Сергей был уверен, что Димке и в голову не пришло ничего такого – естественная реакция на незнакомый запах. Точнее, запахи…

– Да нигде я не был… – особо изворачиваться не придется, через пять минут сын забудет об этом происшествии.

– Ладно…

Действительно – ладно! Учуял-таки самку… Дети растут быстрее, чем кажется. Футболку надо бы сменить. Да и под душем ополоснуться не помешает. Оставив бутылку, он второй раз за день проследовал в душ.
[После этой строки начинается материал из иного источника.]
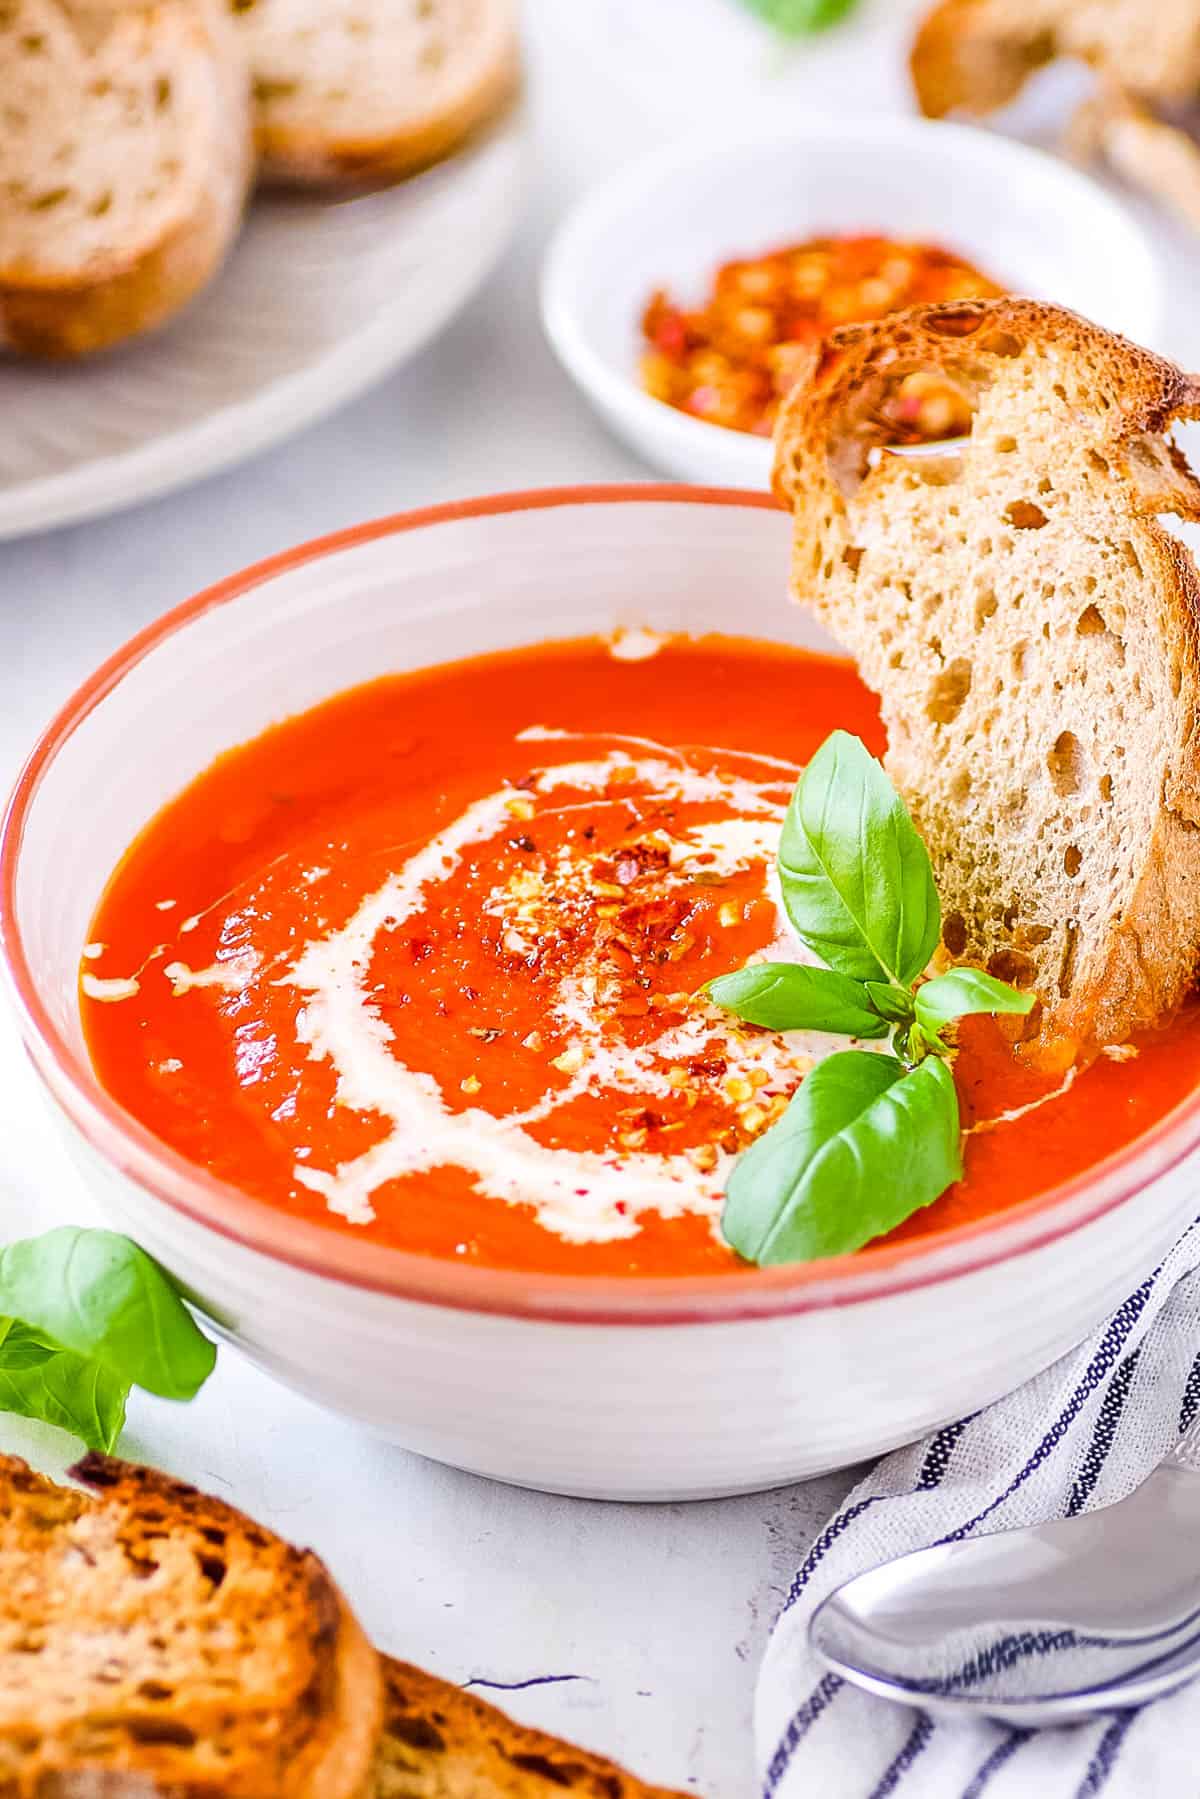 Three ingredient tomato soup with canned tomatoes served in a white bowl with fresh basil and crusty bread as a garnish.

Стоя под горячей водой, с сожалением намыливаясь и смывая Ликины запахи, он размышлял о том, что с Ликой ему хотелось бы остаться до утра, что было редкостью. Даже его прошлая зазноба, Сицилия-Ира, утомляла его некой сумрачностью. Через пару часов от нее, от Иры, хотелось отдохнуть, выйти на воздух из сладкого и удушливого разврата. Лика же была цветочной феей. С ней хотелось не только секса – с ней было бы здорово валяться на васильковом лугу и болтать, бесконечно гладить ее по спине и ниже талии. Может быть, поэтому его сейчас и ранит Настя? Ее тоже хочется гладить по спине и…
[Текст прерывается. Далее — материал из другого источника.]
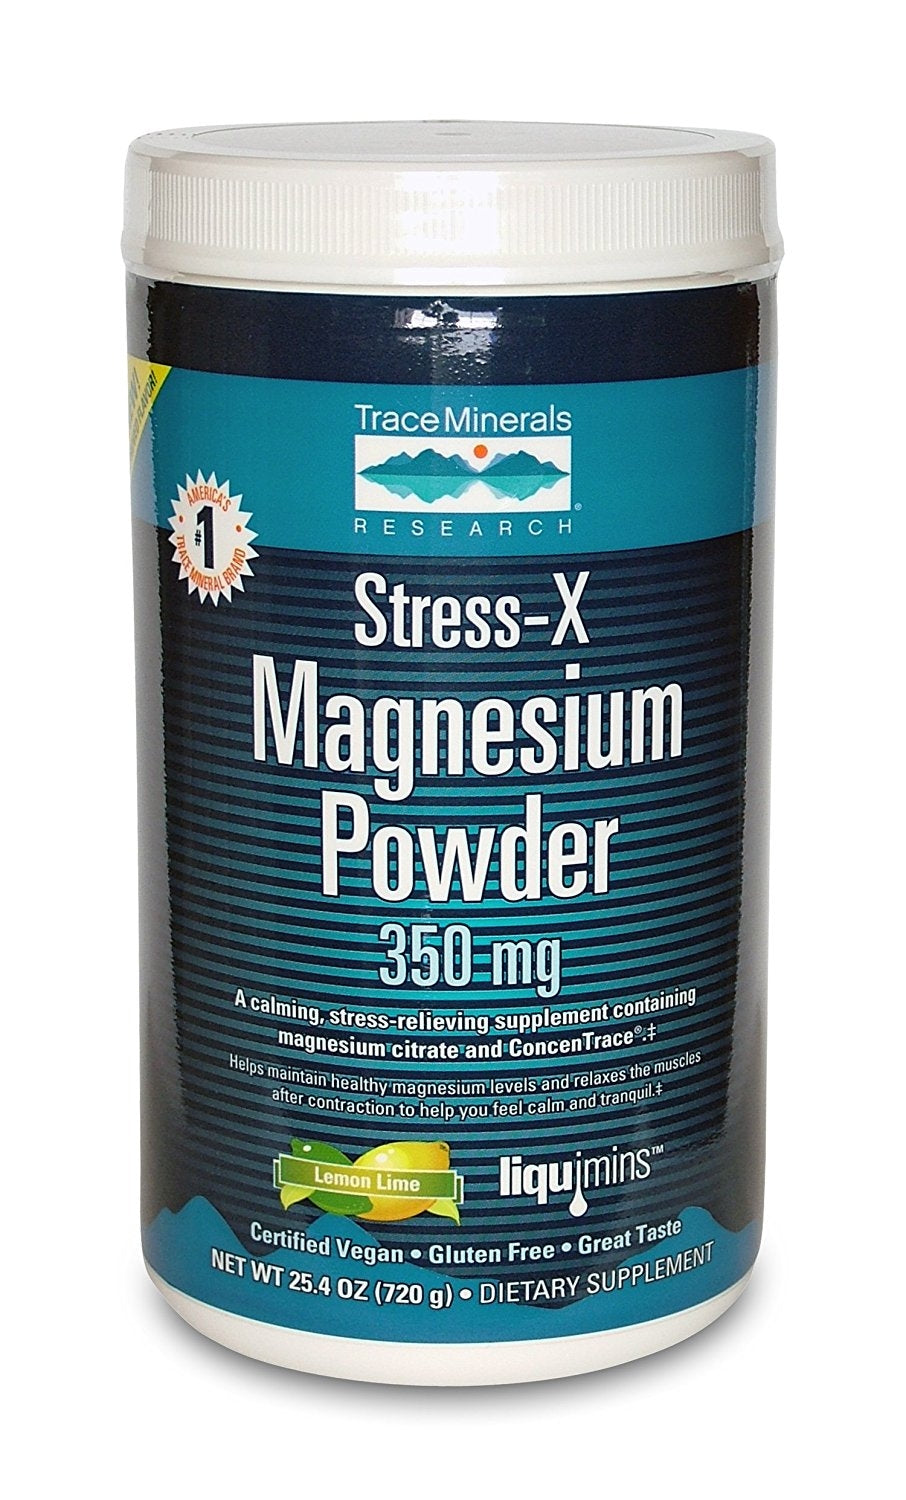 Trace Minerals Research, Stress-X Magnesium Powder, Lemon Lime 350mg, 17.6-Ounce

– Пап! – позвал Димка из-за двери, когда Ольховский уже вытирал голову.

– Выхожу, – отозвался он, отодвигая щеколду.

– Слушай, поговори с Настиной мамой, пожалуйста…

Сын стоял перед ним, держа в руке телефон.

– Я-то зачем?

– Ню! – позвал он.

«Ах, как оно ей подходит, это Ню», – подумал Ольховский.

«Ню» появилась уже немного одетая, к футболке добавилась еще и юбка. Бюстгальтера под футболкой, правда, не было – остренькими вершинками холмиков сквозь ткань торчали соски.

– Скажи ее маме, что ты не против, если Настя у нас останется.

– Я не против, – ответил Ольховский. Потом, собравшись с мыслями, добавил: – Ну давай…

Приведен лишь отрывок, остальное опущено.